▸ Your instructions: When you copy the material below, keep every line exact and drop the pictures.

▸ Provided data:
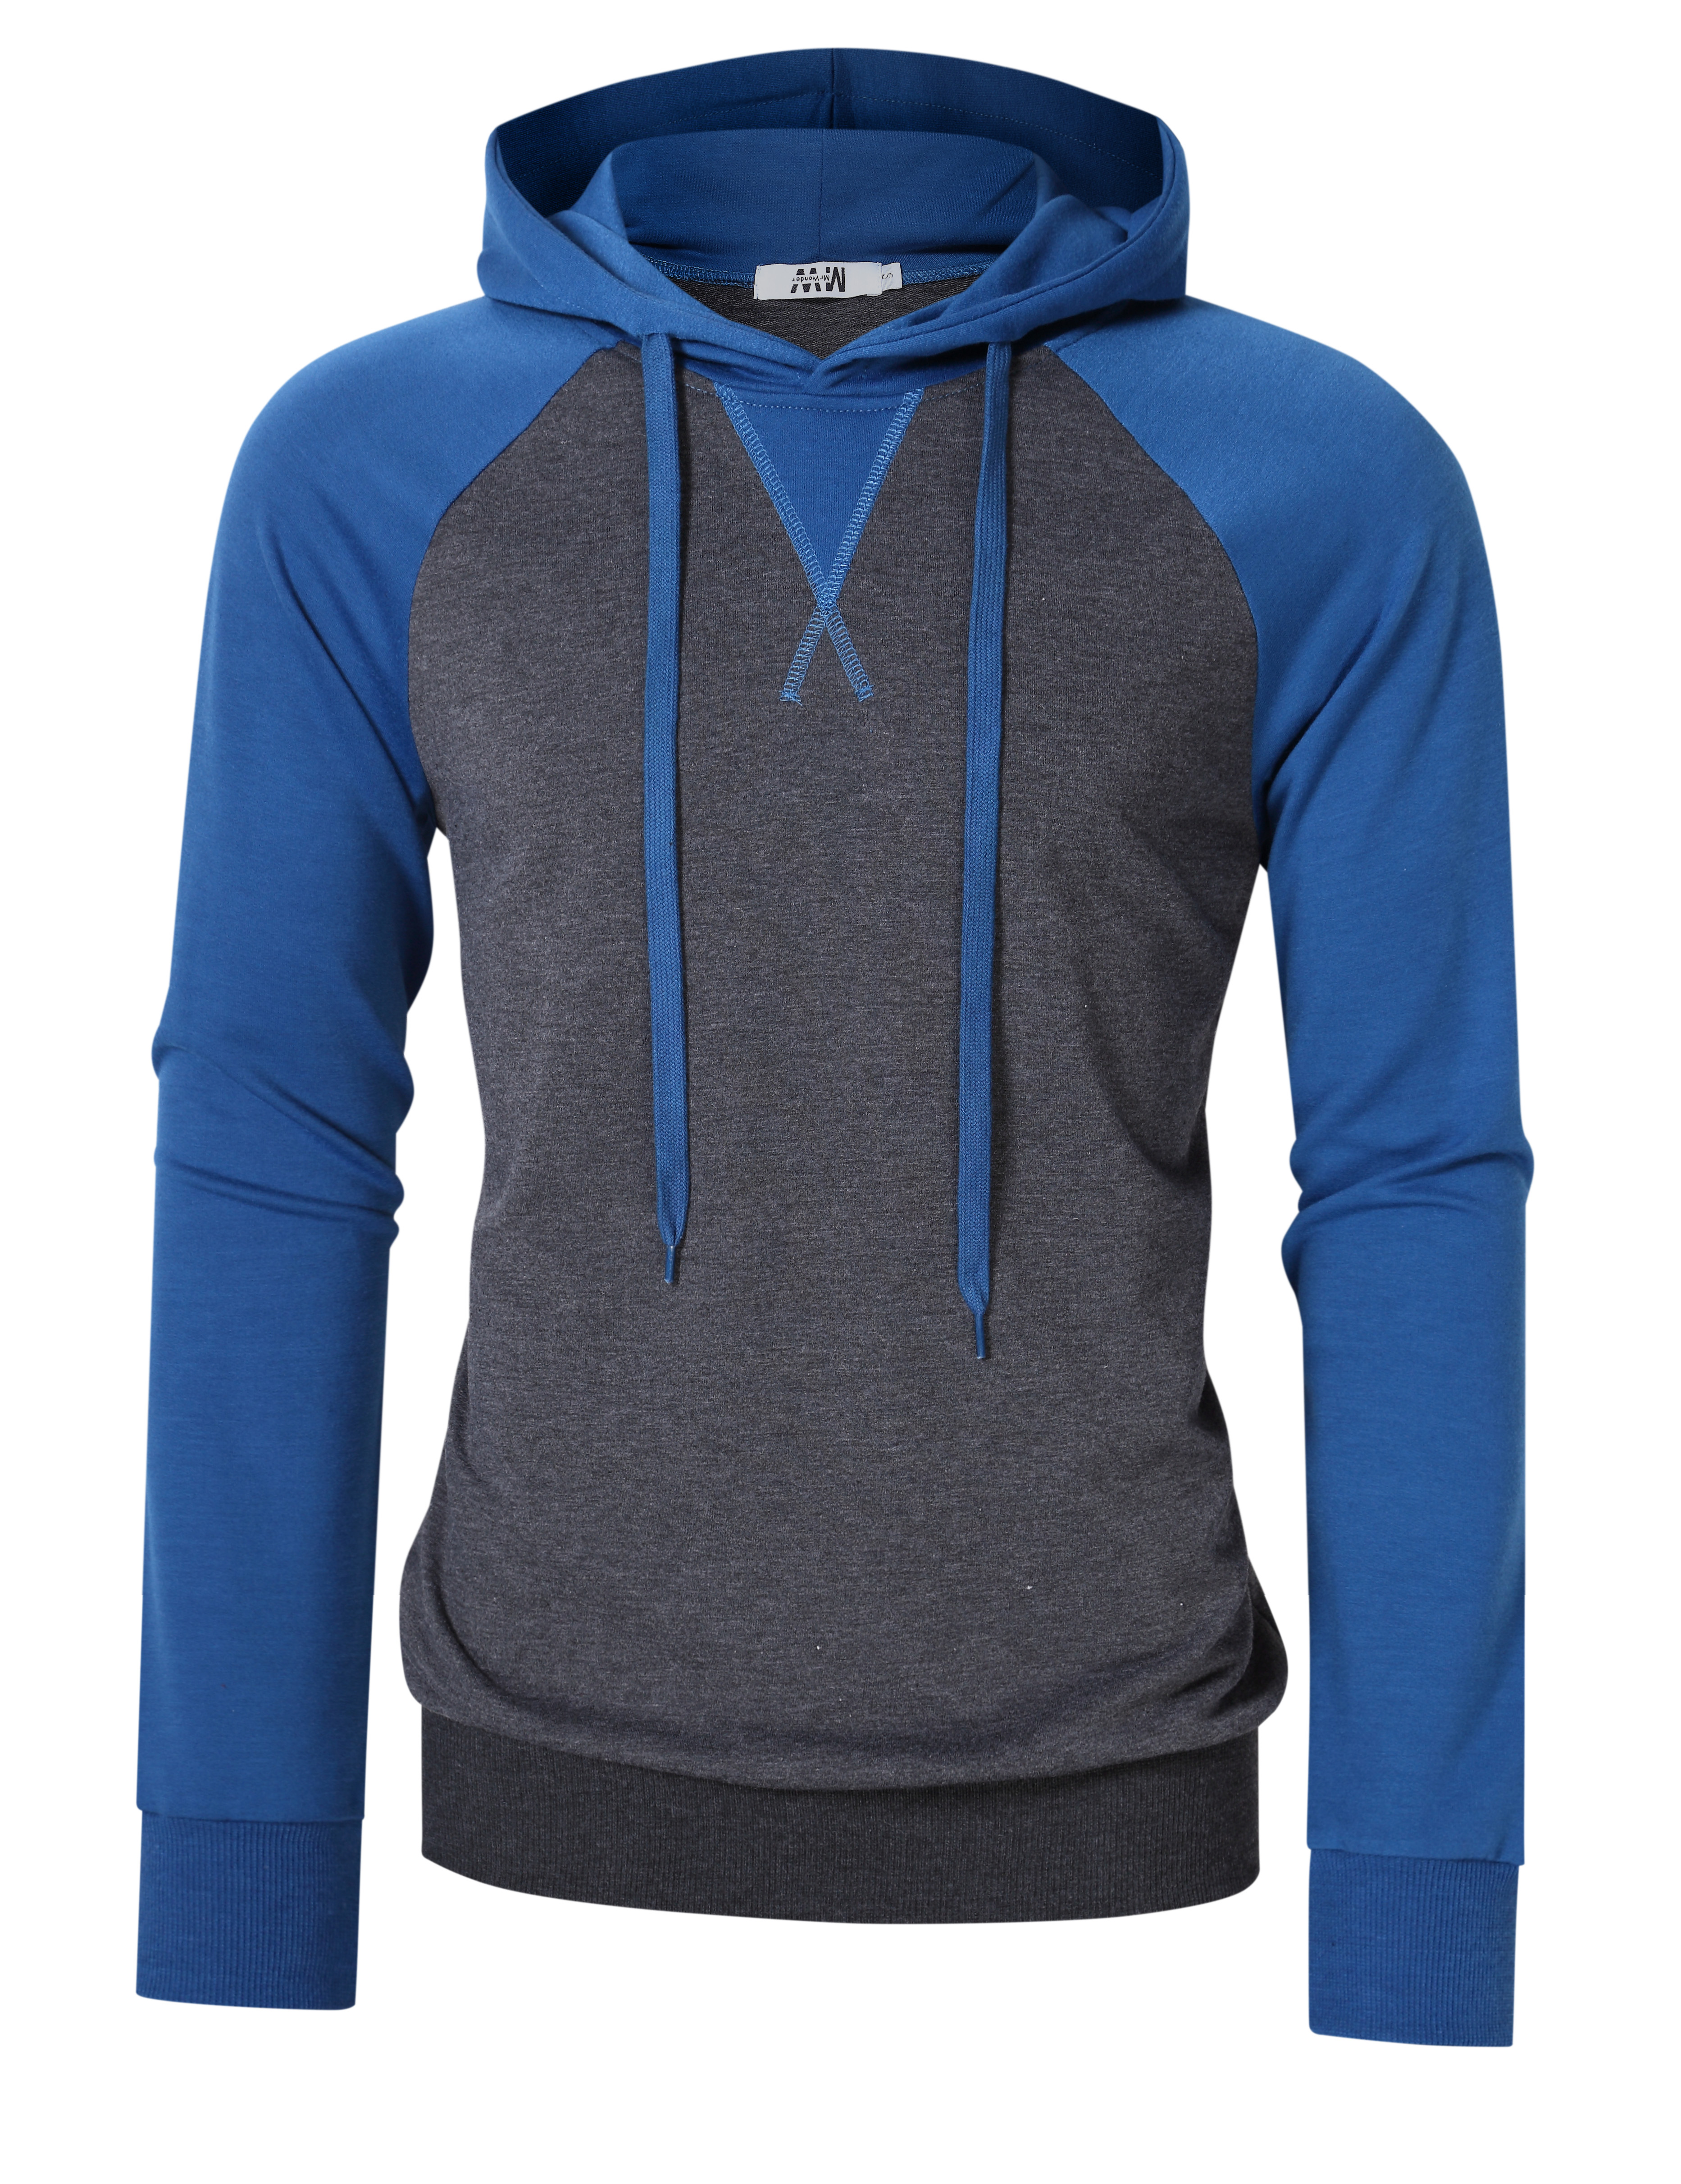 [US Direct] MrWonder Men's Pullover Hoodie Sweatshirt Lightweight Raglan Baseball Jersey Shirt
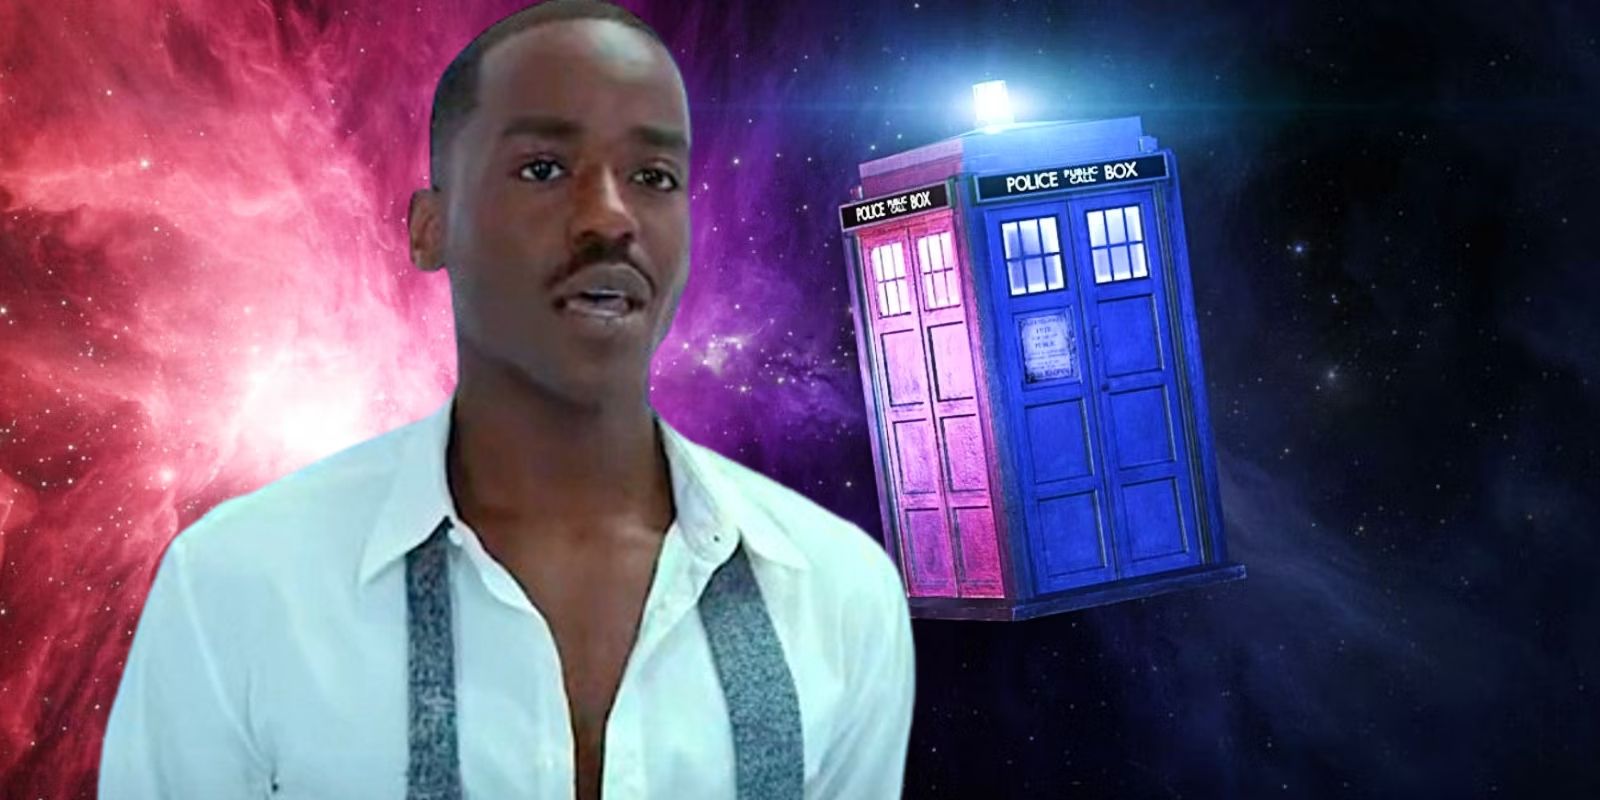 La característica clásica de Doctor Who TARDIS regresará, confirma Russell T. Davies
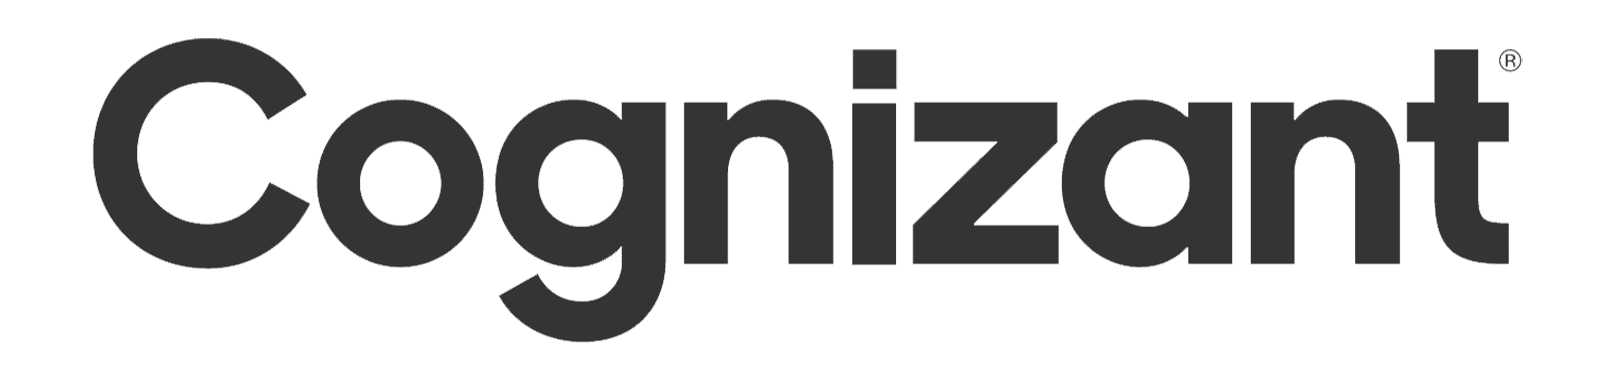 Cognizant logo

▸ Answer area:
 [US Direct] MrWonder Men's Pullover Hoodie Sweatshirt Lightweight Raglan Baseball Jersey Shirt
 La característica clásica de Doctor Who TARDIS regresará, confirma Russell T. Davies
 Cognizant logo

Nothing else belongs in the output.